# Haynie Bigfoot vs Shallow Sport Modified V



## oldvette (Aug 12, 2009)

Ok I have changed my mind on the Pathfinder and narrowed it down to these 2. Haynie Bigfoot with a 200 Merc. or a 21 Shallow Sport Modified V with a 200 E-Tech. You guys have any opinions on these 2. My guess is the Haynie would have a little more MPH but maybe not enough to matter? Thanks in advance for your comments.


----------



## flatsmaster14 (Mar 25, 2011)

Ss


----------



## Im Headed South (Jun 28, 2006)

I'd take the extra 2' and the black motor but thats just me, whats the price difference?


----------



## oldvette (Aug 12, 2009)

2 or 3 thousand more for the Bigfoot but its 3 years newer


----------



## trevman (Mar 22, 2009)

I would go haynie all the way. they are tough fishing machines. not a lot that will keep a bigfoot off the bay chop wise. lots of guides over in louisiana are ordering em haynies. and two more of my friends are about to pull the trigger on haynies. trim tabs down one or to notches and you an cut through a moderate chop no prob going fourty. it will get you there. my 2cents


----------



## Im Headed South (Jun 28, 2006)

Which 200 Mercury is it? Still have warranty left on it? How many hours on each one? Where are you located in relation to a quality shop for either the merc or etec? Whats the condition of each one, if the one thats 3 years older is in nicer condition than the newer one that might be a tip of how the owners took care of them. Used boats have too many variables that go into them to give you a answer which maybe the better boat. If you can get 3 extra years of warranty because the warranties or equal then I know I'd go with the BF, one repair bill eat up that 2 or 3 grand.


----------



## Dukdogtx (Jul 30, 2009)

Now ya talkin'. 23' Bigfoot is my "dreamboat".
The SS & Pathfinder are great, but the Bigfoot is the real deal. Has it all!!!


----------



## KamoAggie (Oct 21, 2009)

Ride in both. Motors aside, I would go with the SS. Not very knowledgable on the Etecs thoughts.


----------



## craftkr (May 24, 2012)

My neighbor has a Big Foot and that boat handles roughy water great. And surprisingly gets up pretty well in shallow water. 

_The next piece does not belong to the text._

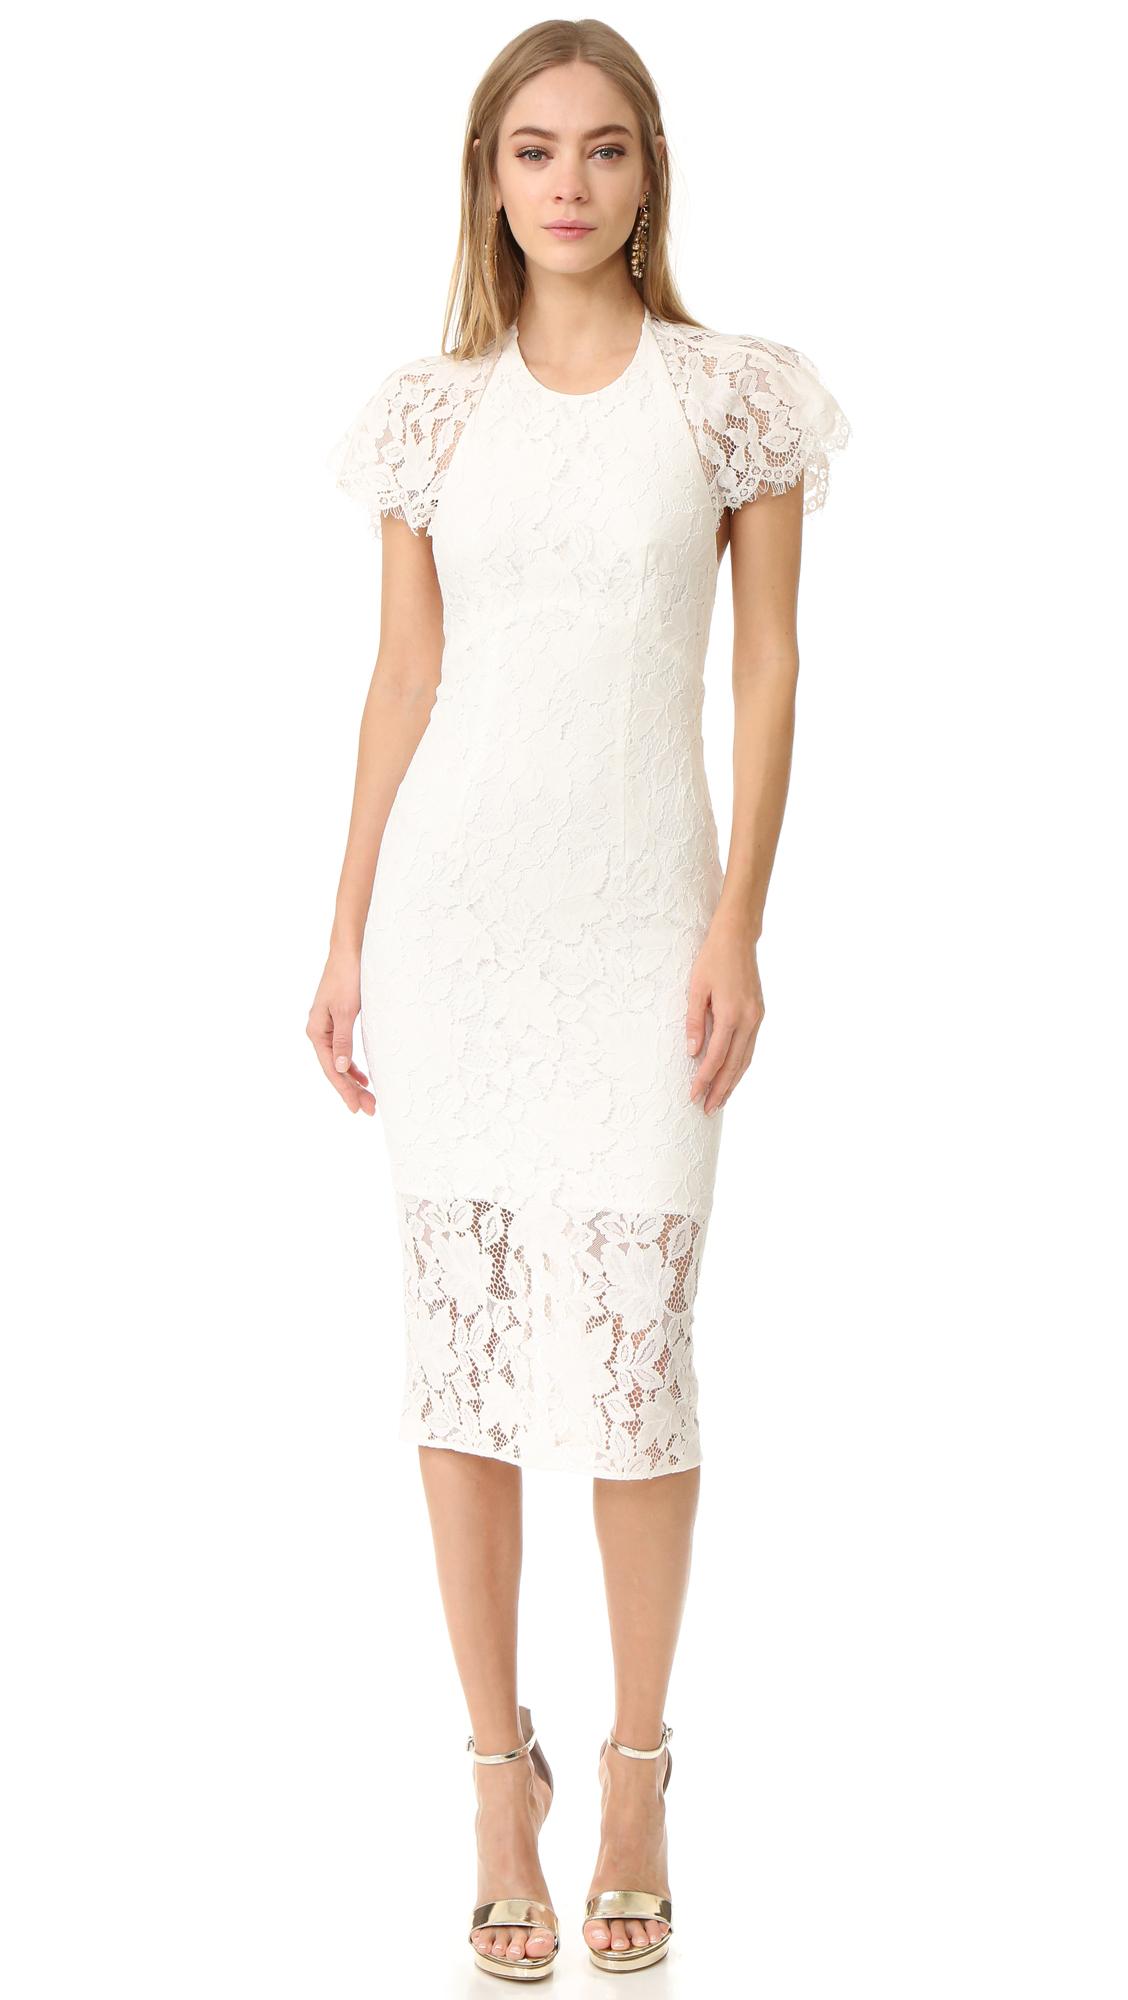 Lover Affinity Midi Dress - White

SWS mod v is a nice boat too. Tough choice. 

I'd go between overall price of the boats, year of boats, year of motors and hrs. 

Look at both and ride in both. See which one you like better. 

Good luck.


----------



## sand storm (Mar 15, 2012)

Shallow Sport...hands down!


----------



## daniel7930 (Jun 16, 2011)

Both r good boats. I would go with the ss. But can't go wrong with either


----------



## Bayscout22 (Aug 9, 2007)

I have a Bigfoot and I couldn't be happier with it.


----------



## OffshoreChris (Oct 13, 2010)

Bigfoot without a doubt. Bigfoot runs like a regular v hull and still gets pretty skinny. I ran a 24 Shallow Sport Mod V the other day with a 300 evinrude and was not impressed at all. I love the big foot.


----------



## sboudreaux (May 22, 2008)

I have a BF and love the boat. Not going to knock the SS as I have never been on that particular model. Others I have been on were good boats. 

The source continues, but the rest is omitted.